Heart Health

Updated 15 August 2017

Cardiac tamponade

This is external compression of the heart due to increased pressure in the pericardium.


Cardiac tamponade is external compression of the heart due to increased pressure in the pericardium, the fibrous sac surrounding the heart. The increased pressure is due to accumulated fluid (effusion), which may be blood, serous fluid (thin and watery), exudates (from inflammation) or a mixture of these.

What happens in tamponade?

The heart is enclosed in a fibrous sac, the pericardium, which has very little ability to stretch. Fluid collecting in the sac quickly stretches it to its maximum. If more fluid collects and the pericardium cannot stretch any further, then the heart inside the sac becomes squashed.

The heart can thus hold less and less blood, so it cannot pump efficiently, and starts to cause symptoms. If fluid accumulates slowly, the pericardium can stretch to hold about 2 litres before tamponade occurs. A sudden increase in pericardial fluid (such as in the case of a brisk bleed) allows no time for stretching of the pericardium, and may thus cause tamponade with as little as 100ml.

Types, causes and symptoms

Anything causing effusion or hemorrhage into the pericardium can lead to tamponade, which affects about 2 in 10,000 people.

Acute tamponade

Sudden large bleeds can occur because of:

  • chest trauma - blunt or penetrating,
  • heart rupture after heart attack,
  • dissection of the aorta, or
  • damage to the heart during procedures like angiograms.

These patients have chest pain, rapid breathing, shortness of breath and low blood pressure, and need emergency treatment, which may be life-saving.

Subacute tamponade

This happens more slowly, but once the pericardium reaches its limit of stretch, heart function becomes compromised, and the patient has difficulty breathing, has chest discomfort, fatigue and swelling of the legs. A weak pulse is present, with low blood pressure which drops even further during inspiration (pulsus paradoxus).

Causes include:

  • pericarditis - viral, bacterial or of unknown origin,
  • recent heart surgery or invasive heart procedures,
  • previous radiation therapy to the chest,
  • hypothyroidism,
  • systemic lupus erythematosus,
  • kidney failure,
  • malignancies, or
  • bleeding disorders, including complications of anti-coagulation therapy.

Regional tamponade

In this condition, the fluid - or even a large clot - is confined to one part of the pericardium, and may compress only one chamber of the heart. Regional tamponade is most often found after heart surgery or heart attack.

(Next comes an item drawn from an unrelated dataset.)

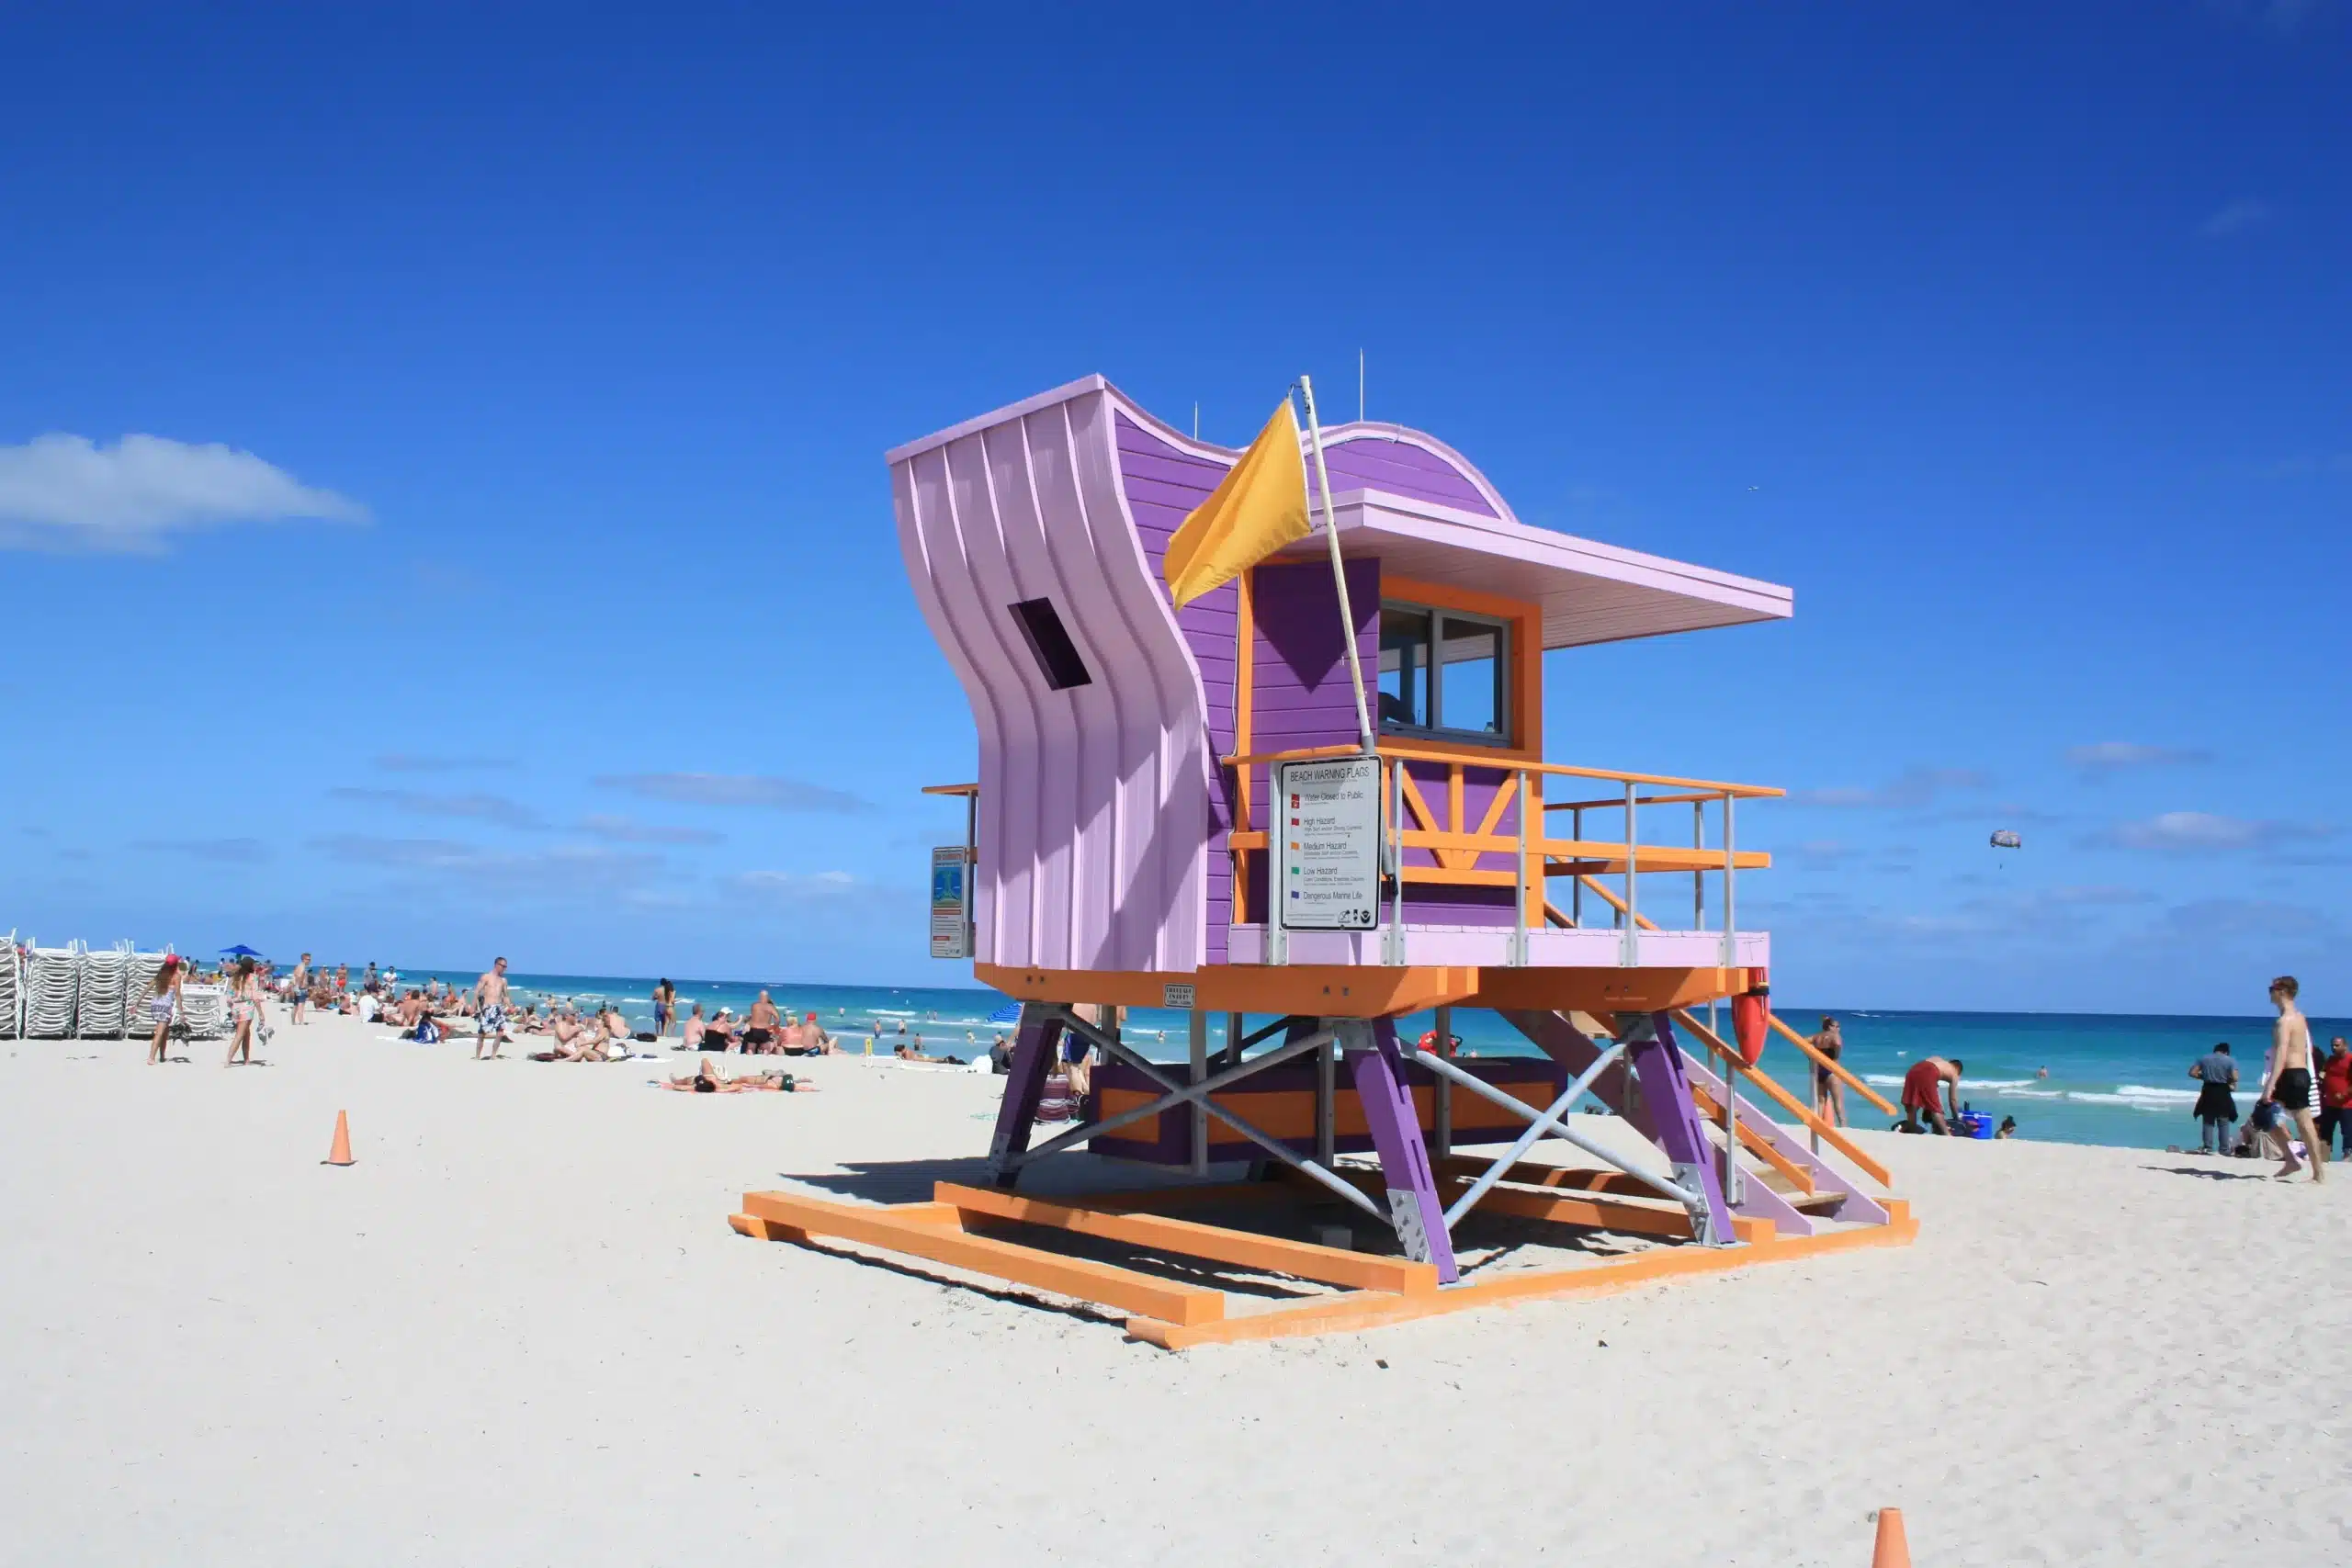 Ein hölzernes Strandwächterhäuschen in Flieder, Lila und Orange auf einem Strand, im Hintergrund das Meer. Miami Beach, Lifeguard Tower, William Lane, Foto: Archiv Architekten

The description by the patient is usually quite clear, and the diagnosis may be confirmed by the clinical findings of:

  • a weak, fast regular pulse,
  • low blood pressure,
  • distension of the veins in the neck,
  • pulsus paradoxus - large drop in BP with inspiration, and
  • large effusions may muffle heart sounds.

Tests to further confirm tamponade include

  • ECG -low voltage complexes,
  • Echocardiogram,
  • Chest X-ray, and/or
  • MRI or CT scans.

In all cases, the definitive treatment is to remove the fluid causing the problem. In acute tamponade, this may mean an urgent operation to insert a drain, or cut a hole in the pericardium. This operation requires an experienced cardiac surgeon and anaesthetist, as sudden changes in heart function can occur when fluid is removed. Oxygen and general supportive treatment such as fluids are given until the operation can be done.

The cardiac surgeon may be able to see the cause once the fluid has been removed, and fix the problem at once. Any fluid drained or pericardium removed is always tested for infection or malignancy.

Once the pressure on the heart has been relieved and the patient has been stabilised, the cause of the fluid build-up must be identified and treated according to the appropriate treatment protocol, for example for TB or viral pericarditis. The outcome will depend largely on the cause of the effusion.